Monday, 20 September 2004 - 5:01pm |
Canterbury

Student agent

1 min read

Police Prosecutions are reviewing systems after a 21 year old woman, Jindi Liu, was able to leave the country after charges against her were withdrawn.

Fundamentally this was a communication error, says Inspector Gary Lennan, O/C Police Prosecutions, South Island.

"A mistake was made by the prosecutor concerned in relation to the name of the defendant who was called," he explains.

• Ms LIU was not scheduled to appear in Court on 25 August 2004, however she presented herself at Court and arranged for her case to be called.

• The Court List for the day on 25 August 2004, had a defendant with a very similar name to that of Ms LIU.

• When that name was called the prosecutor mistakenly thought that the file on the official court list was the one that had been called.

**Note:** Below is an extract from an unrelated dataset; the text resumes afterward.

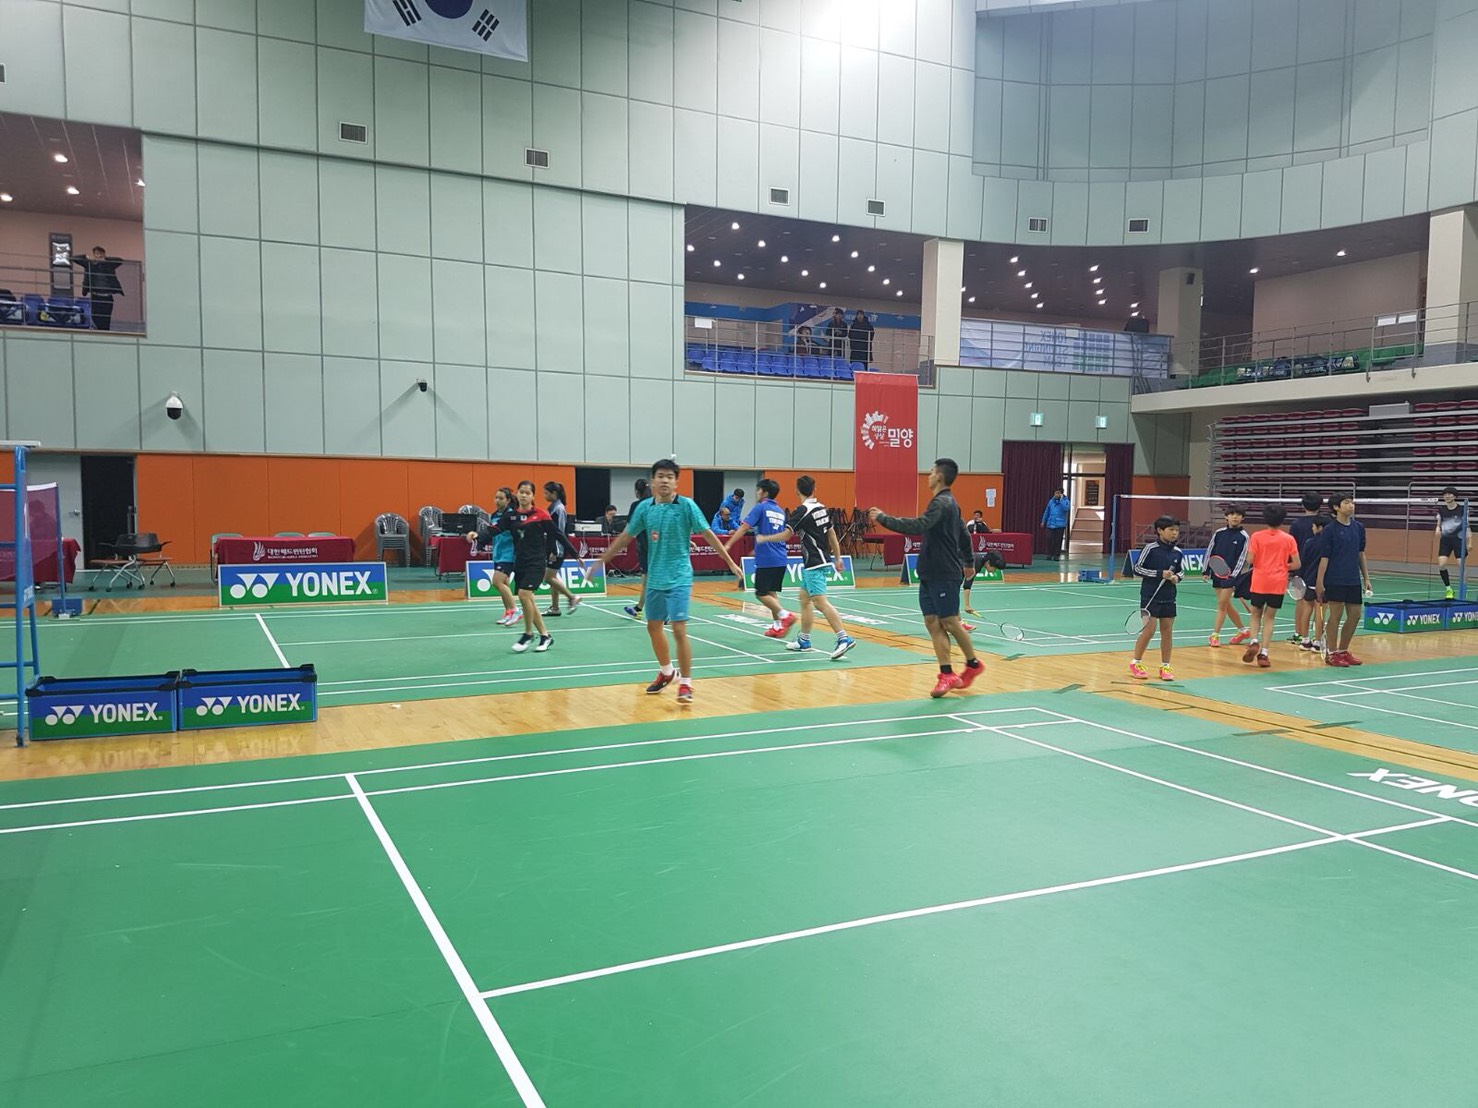 การแข่งขันแบดมินตัน YONEX Korea Junior Badminton Championships 2017 รอบก่อนรองชนะเลิศ

That file related to a defendant who faced a minor shoplifting matter.

• From that point Police prosecutions were referring to one defendant, as outlined on the file – whilst the Court was referring to another, Ms LIU.

• The charges then read out against Ms LIU were the minor charges that related to the other person,

• After disposal of those charges by way of Police diversion, Police withdrew the charges and the defendant was free to leave the court.

Inspector Gary Lennan, says that there were also systemic issues that contributed to this mistake.

"We are looking at our own processes and will be having discussions with the Courts to examine how we can prevent this from happening again," he says.

"To date we’ve focussed on what went wrong. We will determine what can be further done, if anything, in relation to Ms Liu’s offending."